DEN HIMALAYA IM RÜCKEN

IN DEN 60ER JAHREN ZOG ES DIE HIPPIES IN SCHAREN IN DIE NEPALESISCHE HAUPTSTADT KATHMANDU AUF 1.300 METERN ÜBER DEM MEERESSPIEGEL. DIE EINHEIMISCHEN STÖRTEN SICH WENIG AN DEN SCHRÄGEN VÖGELN MIT VORLIEBE FÜR CANNABIS AUS DEM HIMALAJA. DIE GLANZZEIT HAT DIE BELIEBTE „FREAK STREET“ ZWAR HINTER SICH, DAS FLAIR IST ABER NOCH ZU SPÜREN, WIE UNSER GASTAUTOR AM EIGENEN LEIB ERLEBTE.

KATMANDU I‘LL SOON BE SEEING YOU AND YOUR STRANGE BEWILDERING TIME WILL HOLD ME DOWN”
CAT STEVENS – KATHMANDU, 1970

Cat Stevens hat es nie geschafft. Das, was vom US-amerikanischen Liedermacher der 1960er und 70er Jahre Kathmandu am nächsten kam, war die eigene Fantasie. Doch Cat Stevens hat eine Armee: Ein Bataillon bewaffnet mit Blumenketten, Schlaghosen und Weltverbesserungsideen, das sich auf den Weg nach Osten macht. Die Hippies! Sie fliehen vor den Wohlstandsidealen der Mittelschicht und den bürgerlichen Zwängen der westlichen Welt. Naturverbunden und konsumkritisch, propagieren sie Frieden, freie Liebe und Drogenkonsum. In den fernöstlichen Religionen und Wertevorstellungen erhoffen sie sich Antworten auf die Fragen ihrer desillusionierten Generation.

Die Worte Cat Stevens werden zum Soundtrack einer Reise. Einer Reise, die zur Sinnsuche wird – und zum bewusstseinserweiternden Zustand. Eine Reise, die als Hippietrail Tausende in ihren Bann zieht und deren wichtigste Station, neben dem indischen Goa, das nepalesische Kathmandu ist.

HIPPIES IM STADTZENTRUM

Direkt südlich des Durbar Squares, Kathmandus historischem Zentrum, befindet sich das Ziel: die Jhochen Thole. Diese schmale Gasse ist Treffpunkt für Hippies und Rucksackreisende aus aller Welt. Die kiffenden, singenden, philosophierenden Typen mit ihren langen Haaren und zerschlissenen Kleidern gelten damals in Kathmandu als wahre Exoten. Ihr Auftreten, ihre Kleidung, wenn sie denn welche tragen, ihr ausufernder Drogenkonsum sind für die Einheimischen so schräg und andersartig, dass sie der Jhochen Thole schon bald den Beinamen Freak Street verpassen. Die Hippies lassen sich hier vor allem deshalb nieder, weil es in der Freak Street legale, von der Regierung betriebene Haschischläden gibt, die erstklassige, cremige Ware aus dem Himalaja verkaufen. Kiffen hat in Nepal religionsbedingt eine lange Tradition, und es stört sich niemand an den Neuankömmlingen, die die gleiche Leidenschaft teilen.
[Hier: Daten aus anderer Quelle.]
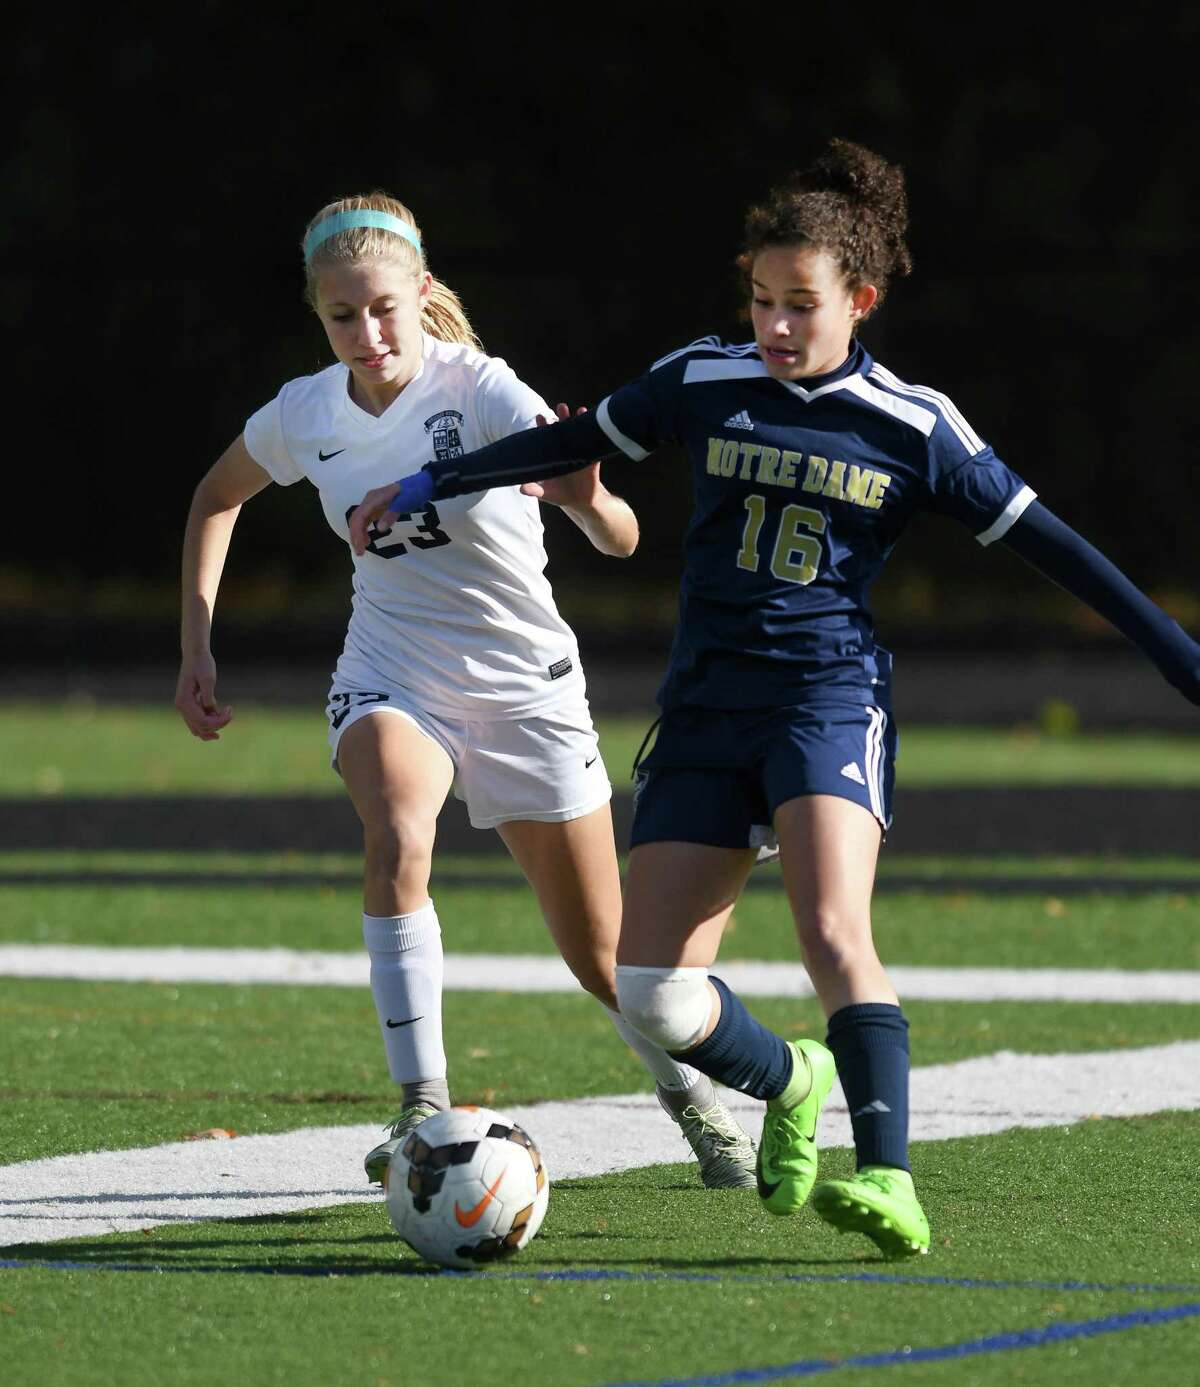 Avery Jarboe, left, of Immaculate, and Toni Domingos, right, compete for possession in the SWC semifinal girls soccer game between Notre Dame and Immaculate at Immaculate High, 10/30/17.
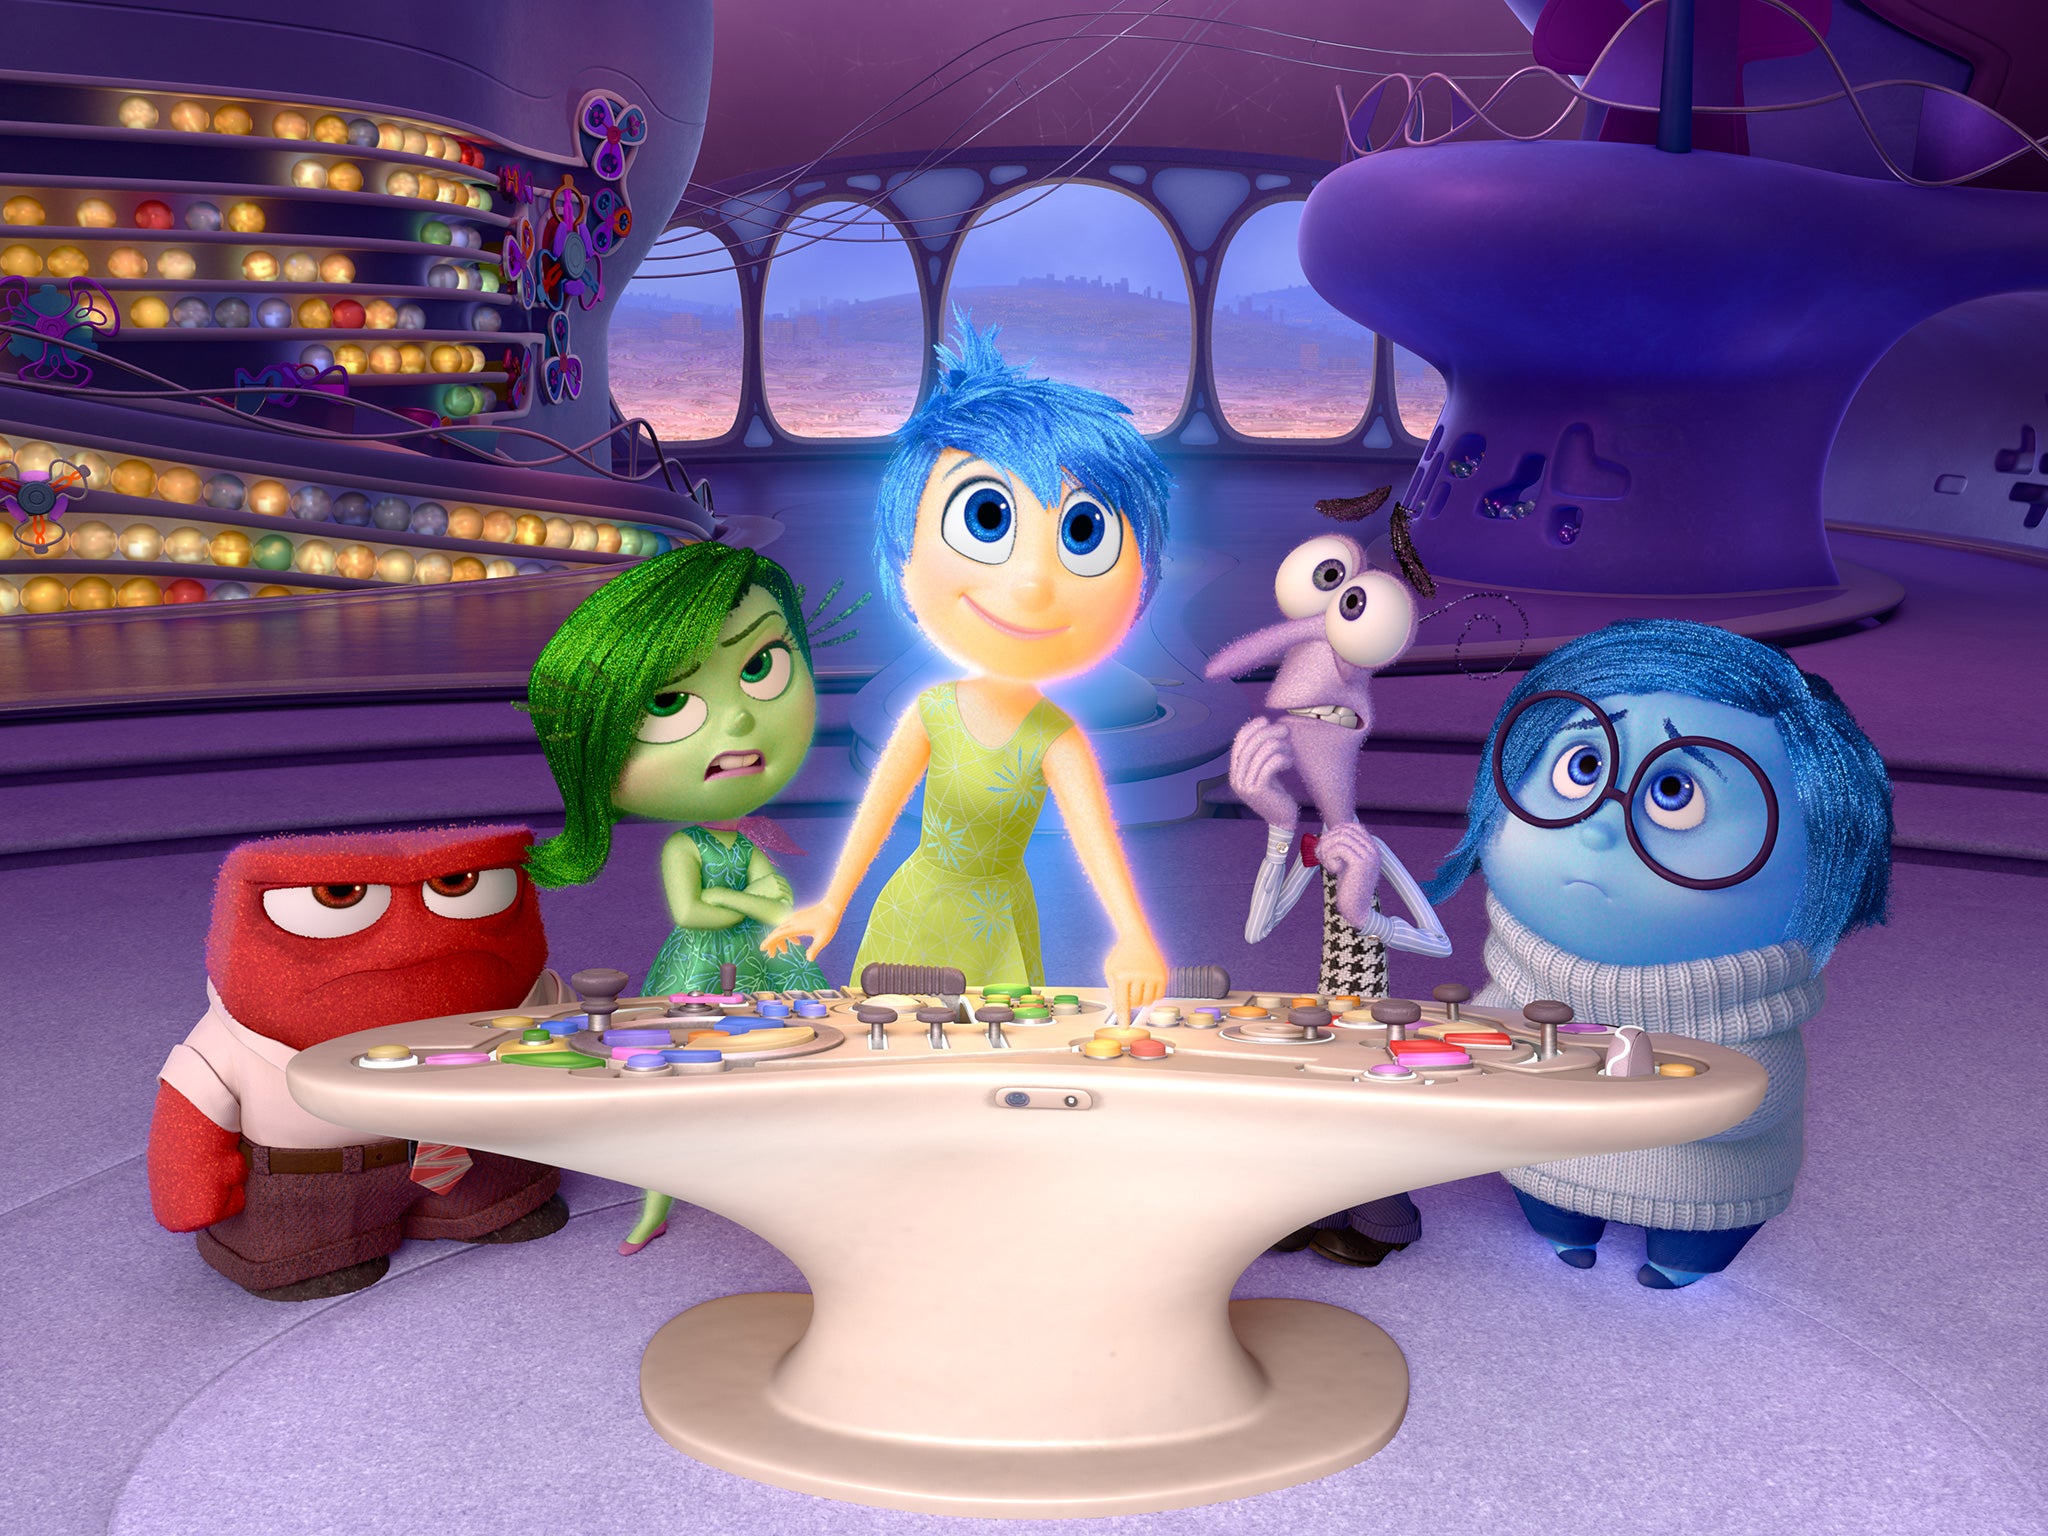 A still from Pixar's Inside Out

Allein deshalb ist Kathmandu eine der bedeutendsten Stationen auf dem Hippietrail, der von Europa durch den Nahen Osten bis nach Indien führt. Noch bevor Wander- und Bergsteigertourismus Nepal vollständig für sich beanspruchen, ziehen hunderte Individualpazifisten feinstes Haschisch durch hölzerne, konisch geformte Schillums. Während das indische Goa in den Wintermonaten der Nabel der Hippiewelt ist, avanciert Kathmandu im Sommer zum spirituellen Zentrum der Blumenkinder. Hier tauchen sie in die buddhistische Lehre ein. Hier öffnen sich unter bunten tibetischen Gebetsfahnen transzendente Welten. Auf der Suche nach Spiritualität lassen sich Musiker wie Cat Stevens und Bob Seger von Kathmandu zu Liedtexten inspirieren.

DIE HIPPIES LASSEN SICH HIER VOR ALLEM DESHALB NIEDER, WEIL ES IN DER FREAK STREET LEGALE, VON DER REGIERUNG BETRIEBENE HASCHISCHLÄDEN GIBT.

KATHMANDUS JUNGE MITTELSCHICHT SAUGT AN DER FREAK STREET DEN FREIEN GEIST VERGANGENER HIPPIETAGE WIE EIN BABY DIE MILCH AN DER BRUST SEINER MUTTER.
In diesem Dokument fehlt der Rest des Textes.